_REQUIRED ACTION:_
Each line below should be repeated exactly, but no picture should be carried over.

── RECORDED INFORMATION ──

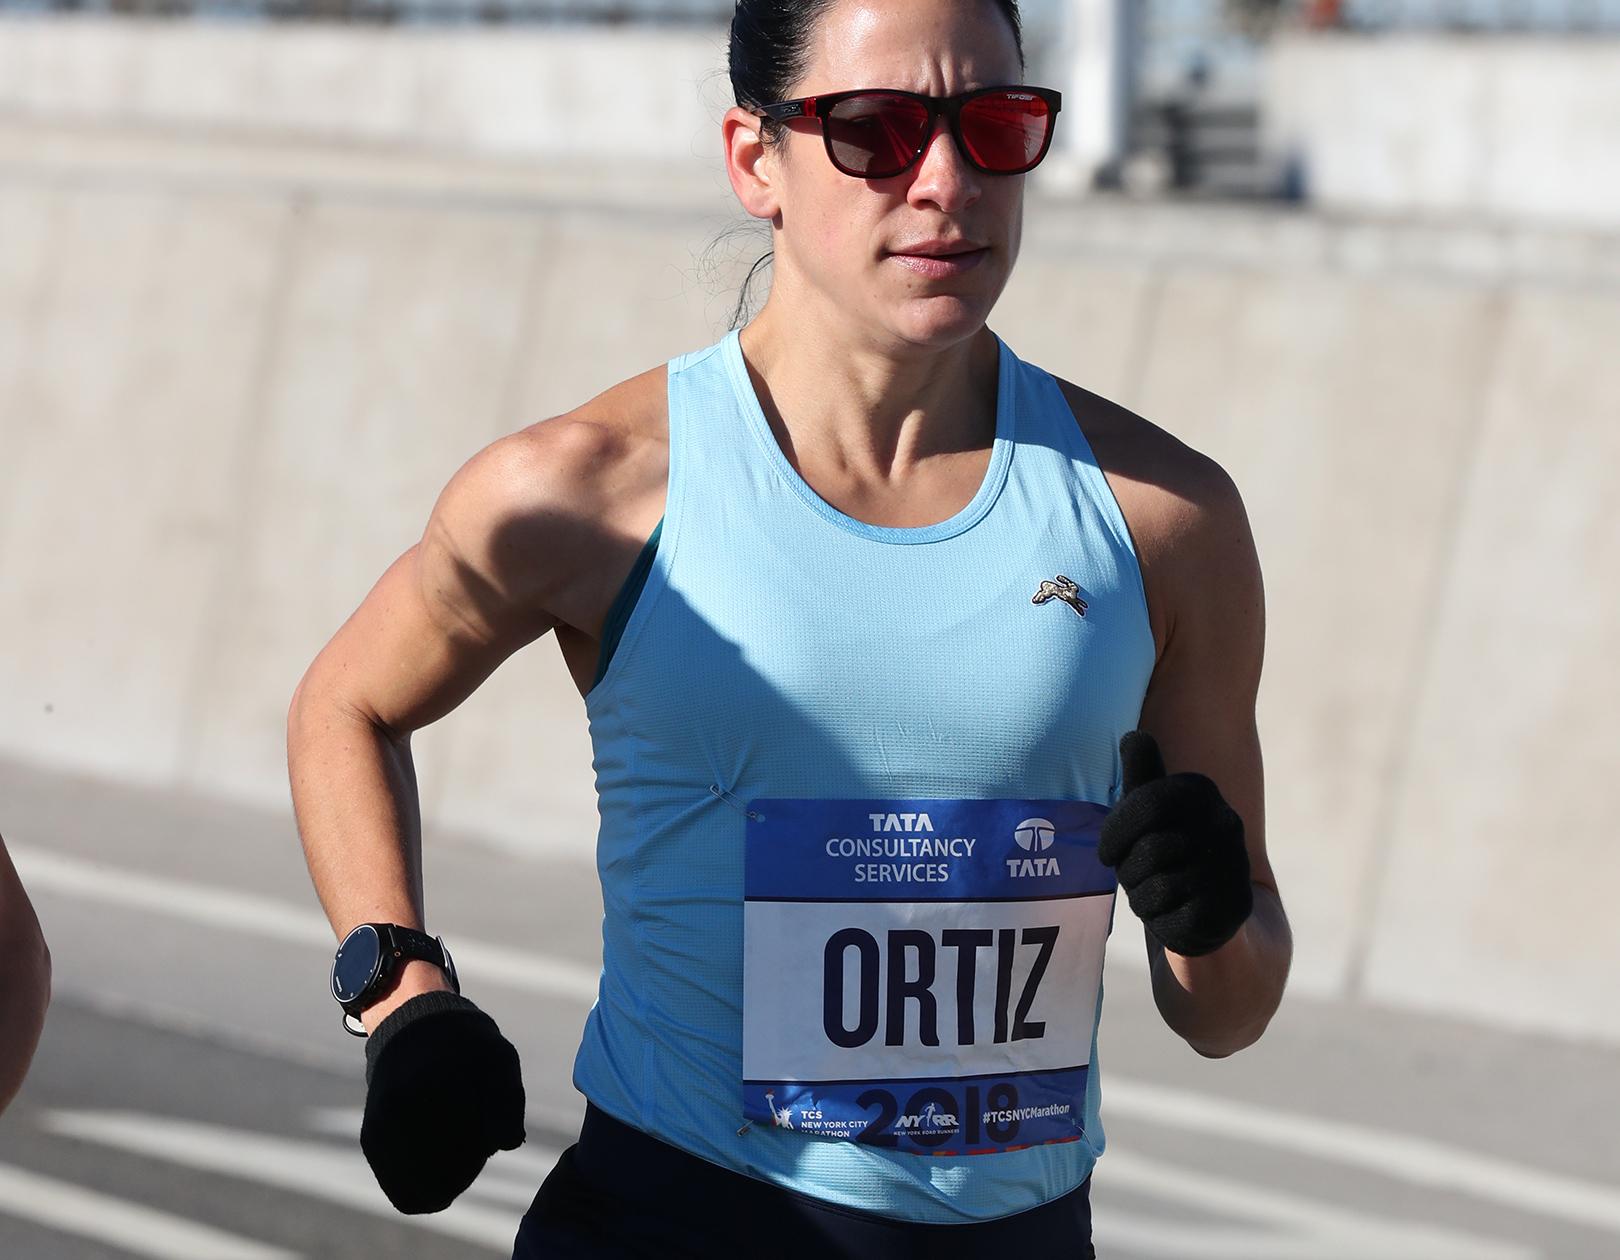 Angela Ortiz 2018 TCS New York City Marathon
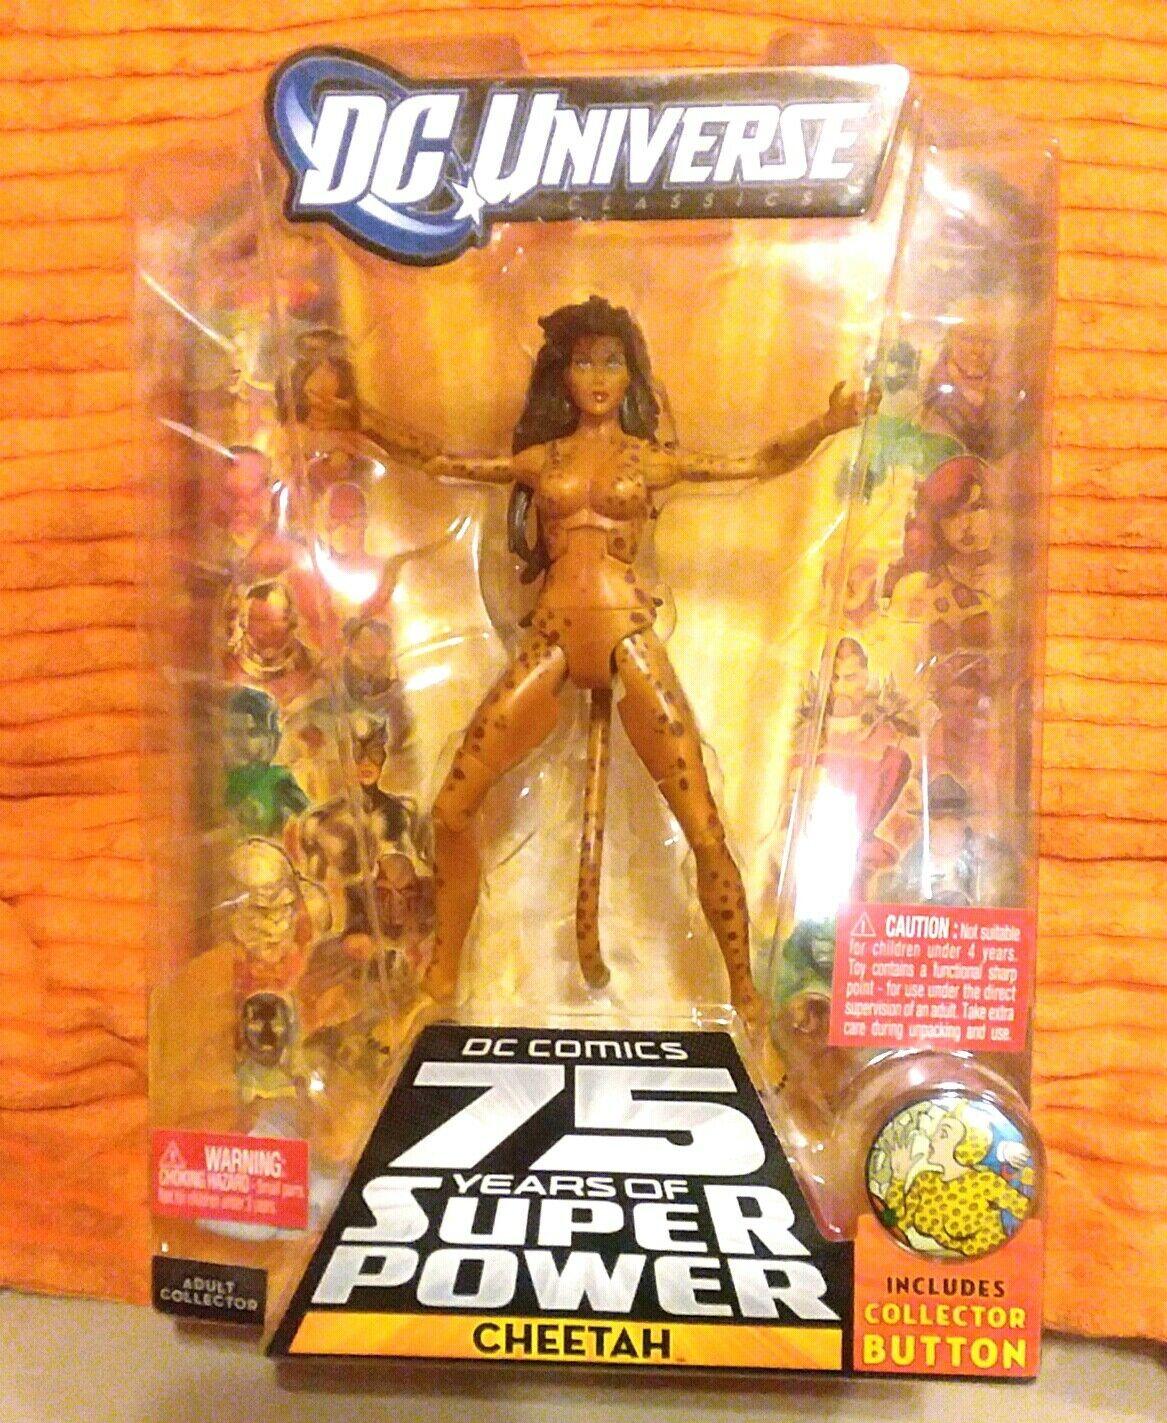 Cheetah NUDO ricordato Variante cifra DC Universe classeics WAVE 13 NUOVO inpackage
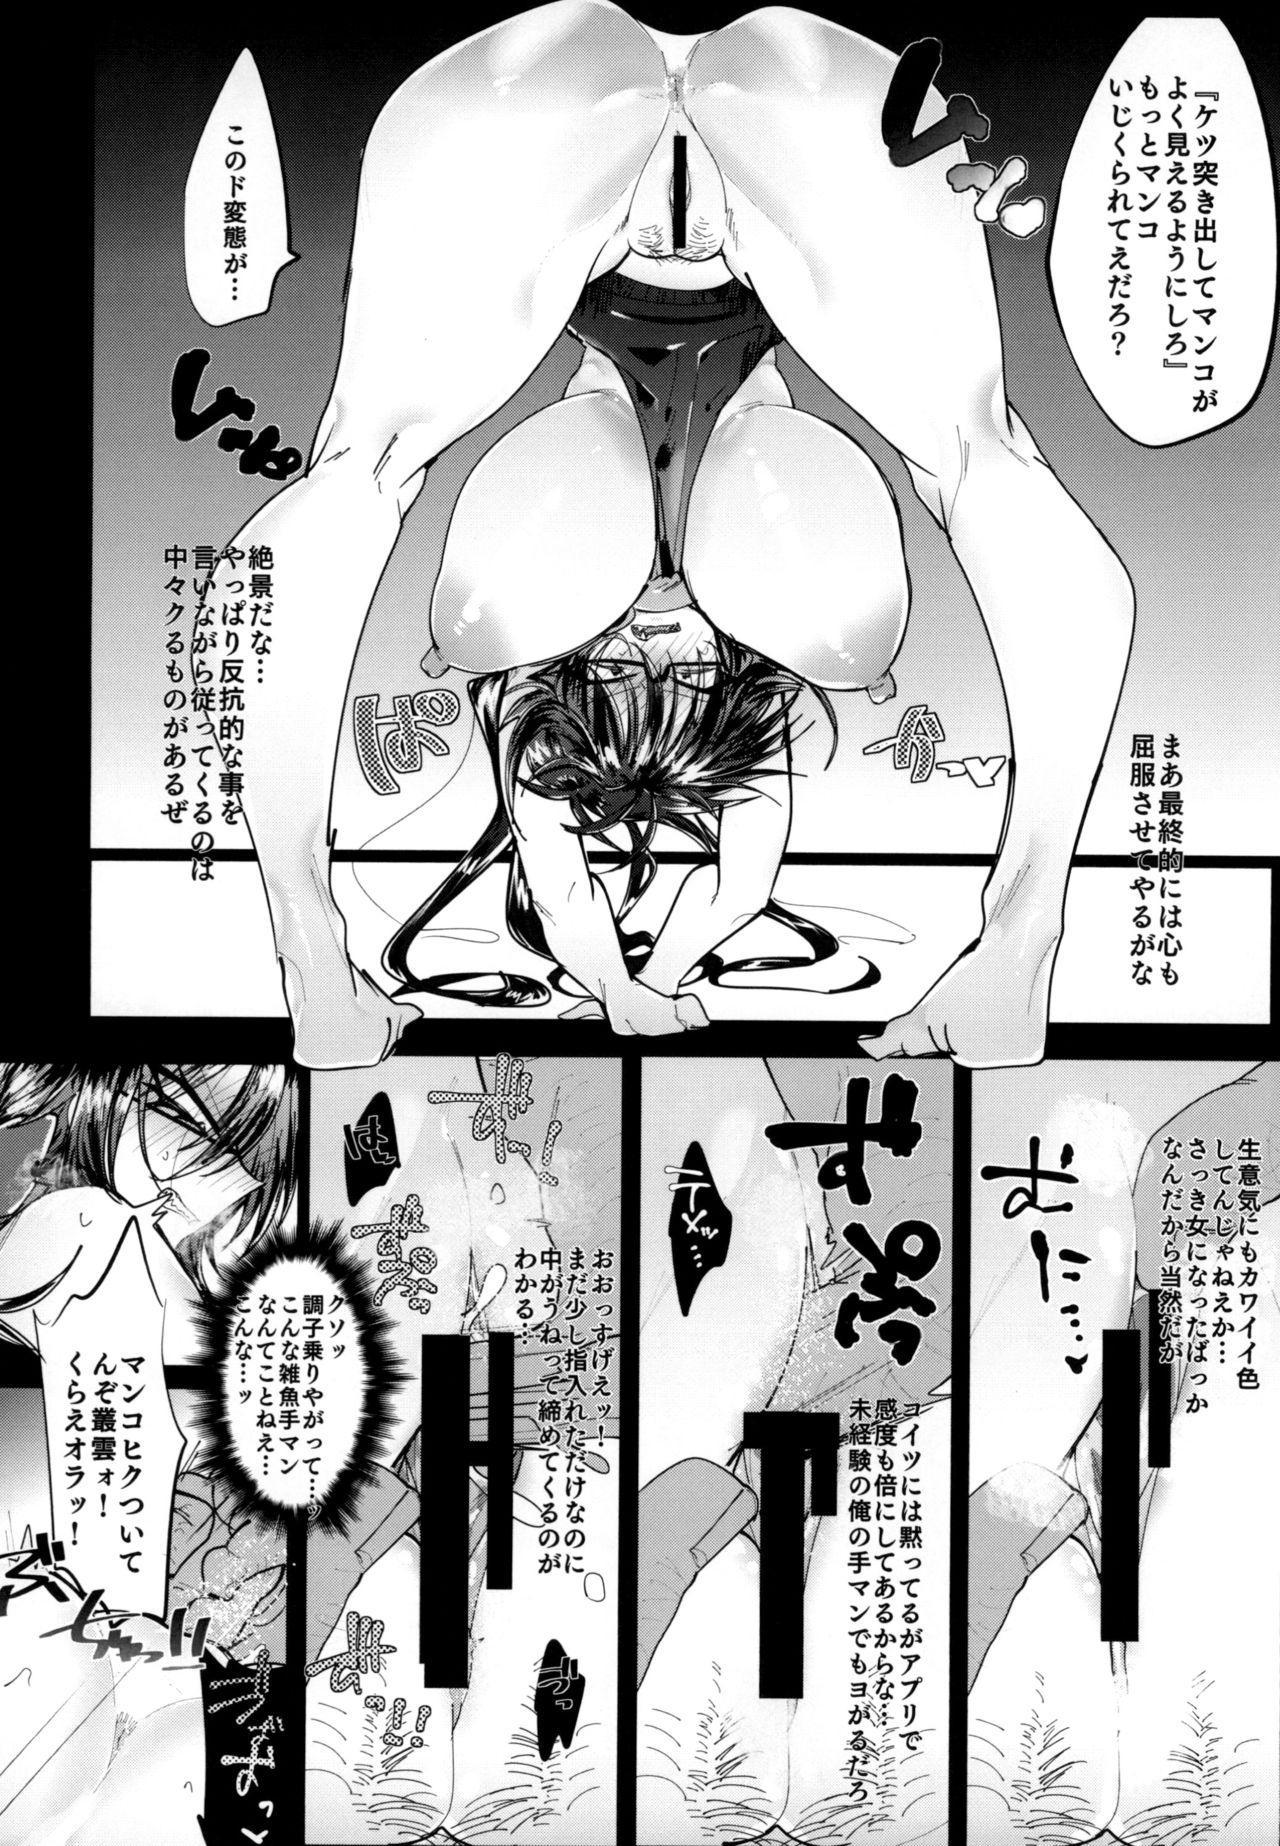 Kurokami Sanpakugan Megane Danshi TS Kyousei Fukujuu Fuck 13
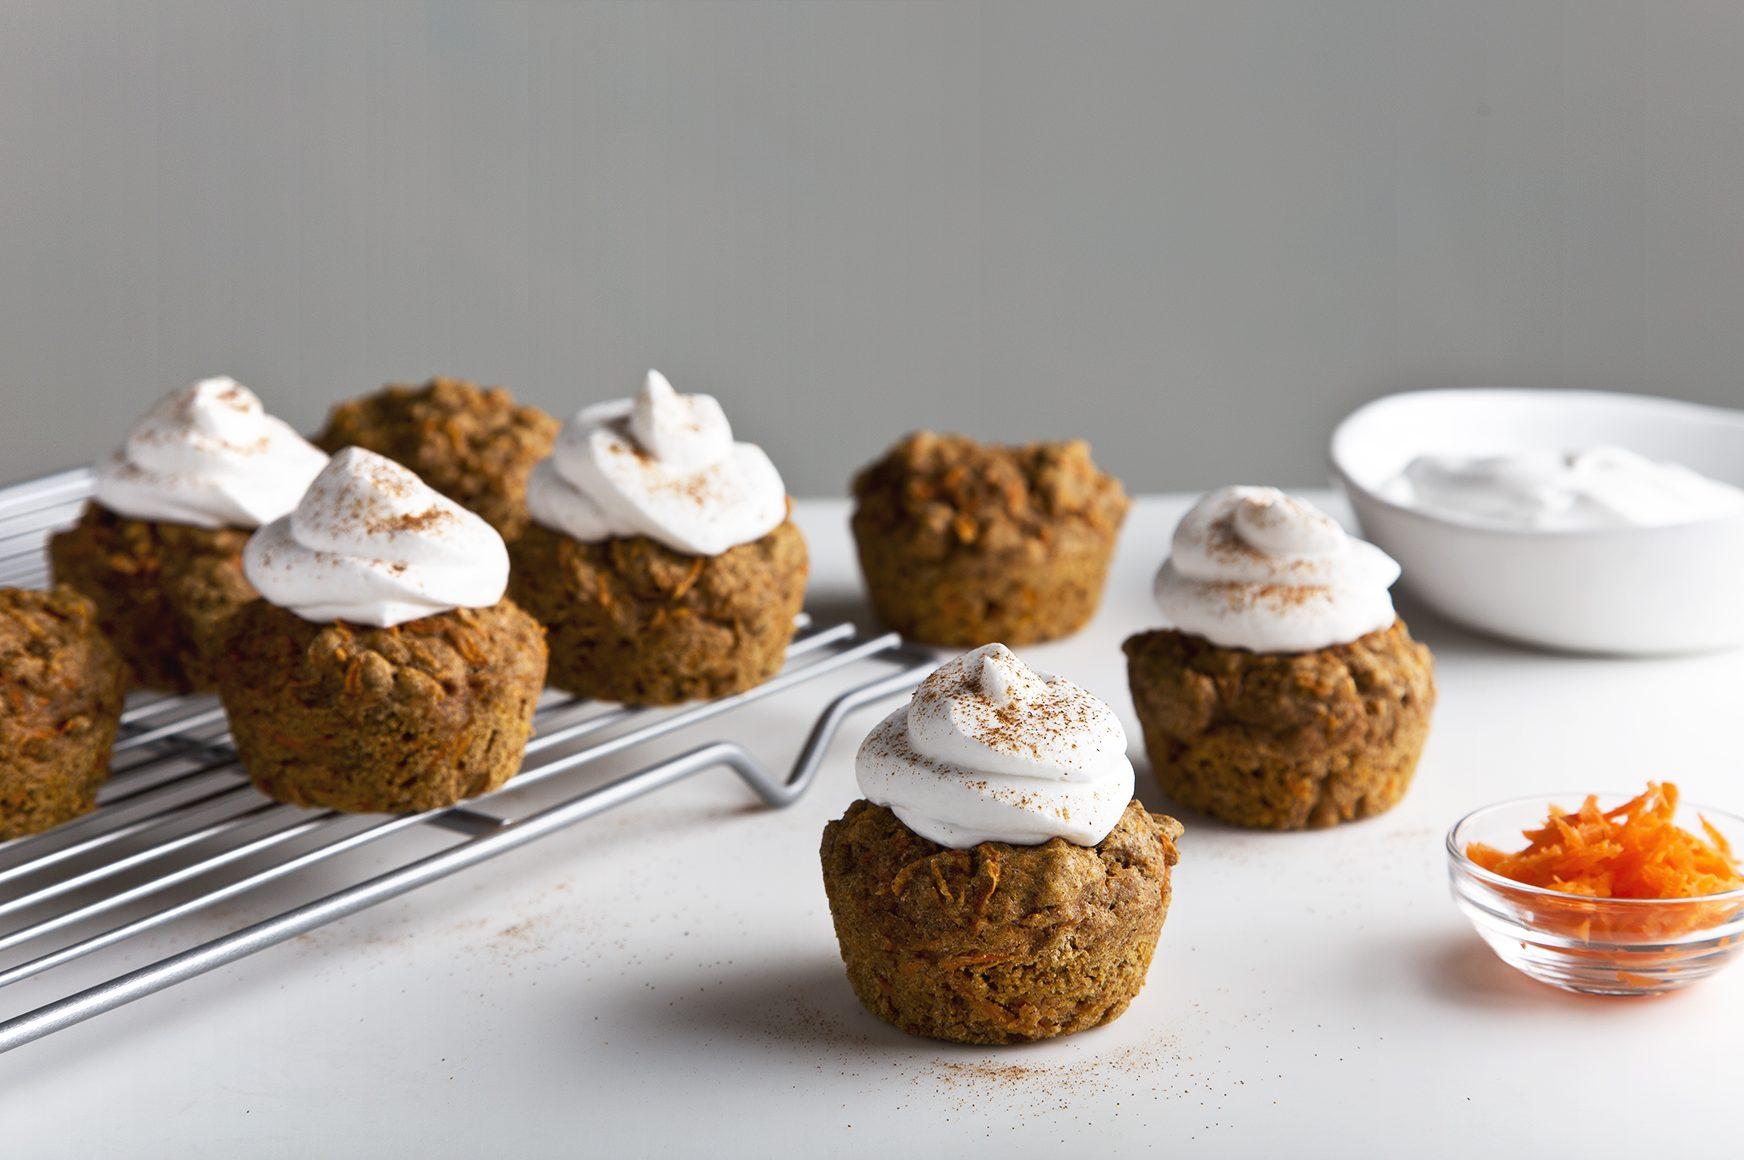 Hippie Vegan Carrot Muffins | picklesnhoney.com #vegan #wholegrain #carrot #muffins #recipe

───

_EXERCISE ANSWER:_
 Angela Ortiz 2018 TCS New York City Marathon
 Cheetah NUDO ricordato Variante cifra DC Universe classeics WAVE 13 NUOVO inpackage
 Kurokami Sanpakugan Megane Danshi TS Kyousei Fukujuu Fuck 13
 Hippie Vegan Carrot Muffins | picklesnhoney.com #vegan #wholegrain #carrot #muffins #recipe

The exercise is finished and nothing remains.